# Time taken to complete degree
Obtain all the data for the Bachelor students, starting from 2007. Keep only the students for which you have an entry for both Bachelor semestre 1 and Bachelor semestre 6. Compute how many months it took each student to go from the first to the sixth semester.

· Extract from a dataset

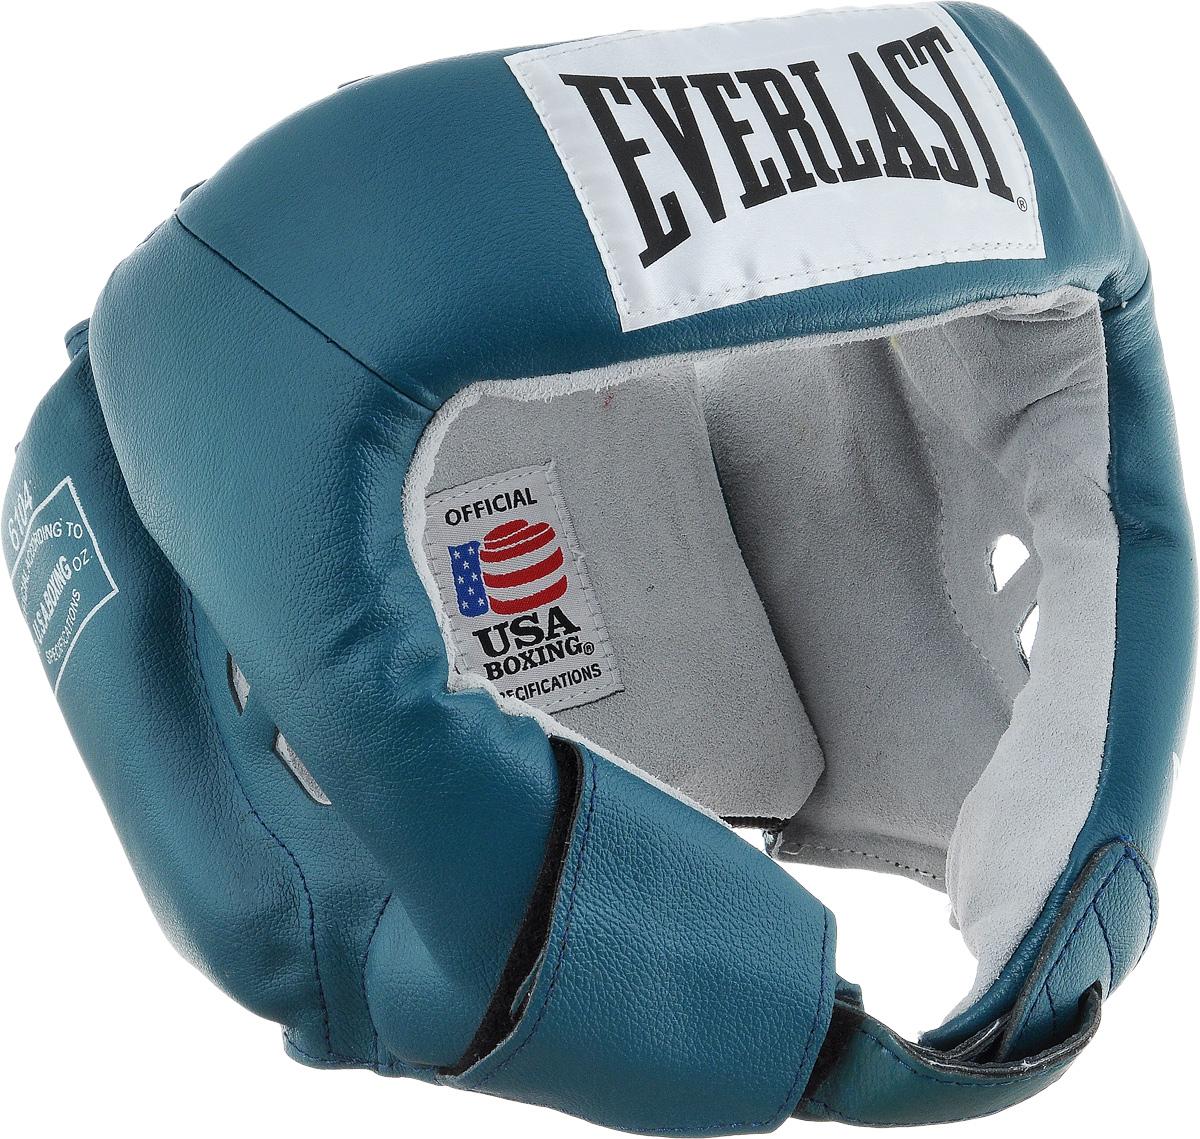 Шлем боксерский Everlast USA Boxing, цвет: бирюзовый, белый. Размер LP1002Everlast USA Boxing - боксерский шлем, разработанный для выступления на любительских соревнованиях и одобренный ассоциацией USA Boxing. Плотный четырехслойный пенный наполнитель превосходно амортизирует удары и значительно снижает риск травмы. Качественная натуральная кожа (снаружи) и не менее качественная замша (внутри) обеспечивают значительный запас прочности и отличную износоустойчивость. Подгонка под необходимый размер и фиксация на голове происходят за счет затягивающихся шнурков.Если вы еще ищите шлем для предстоящих соревнований, то Everlast USA Boxing - это ваш выбор!Диаметр головы: 18 см.

Partition the data between male and female students, and compute the average -- is the difference in average statistically significant?

In [31]:
import requests as req
import urllib
import pandas as pd
from bs4 import BeautifulSoup as bes

#Add the base url where the form is
base_url = "http://isa.epfl.ch/imoniteur_ISAP/!gedpublicreports.htm?ww_i_reportmodel=133685247"
full_url = "http://isa.epfl.ch/imoniteur_ISAP/!GEDPUBLICREPORTS.filter?ww_b_list=1&ww_i_reportmodel=133685247&ww_c_langue=&ww_i_reportModelXsl=133685270&zz_x_UNITE_ACAD=&ww_x_UNITE_ACAD=249847&zz_x_PERIODE_ACAD=&ww_x_PERIODE_ACAD=213638028&zz_x_PERIODE_PEDAGO=&ww_x_PERIODE_PEDAGO=249108&zz_x_HIVERETE=&ww_x_HIVERETE=2936286&dummy=ok"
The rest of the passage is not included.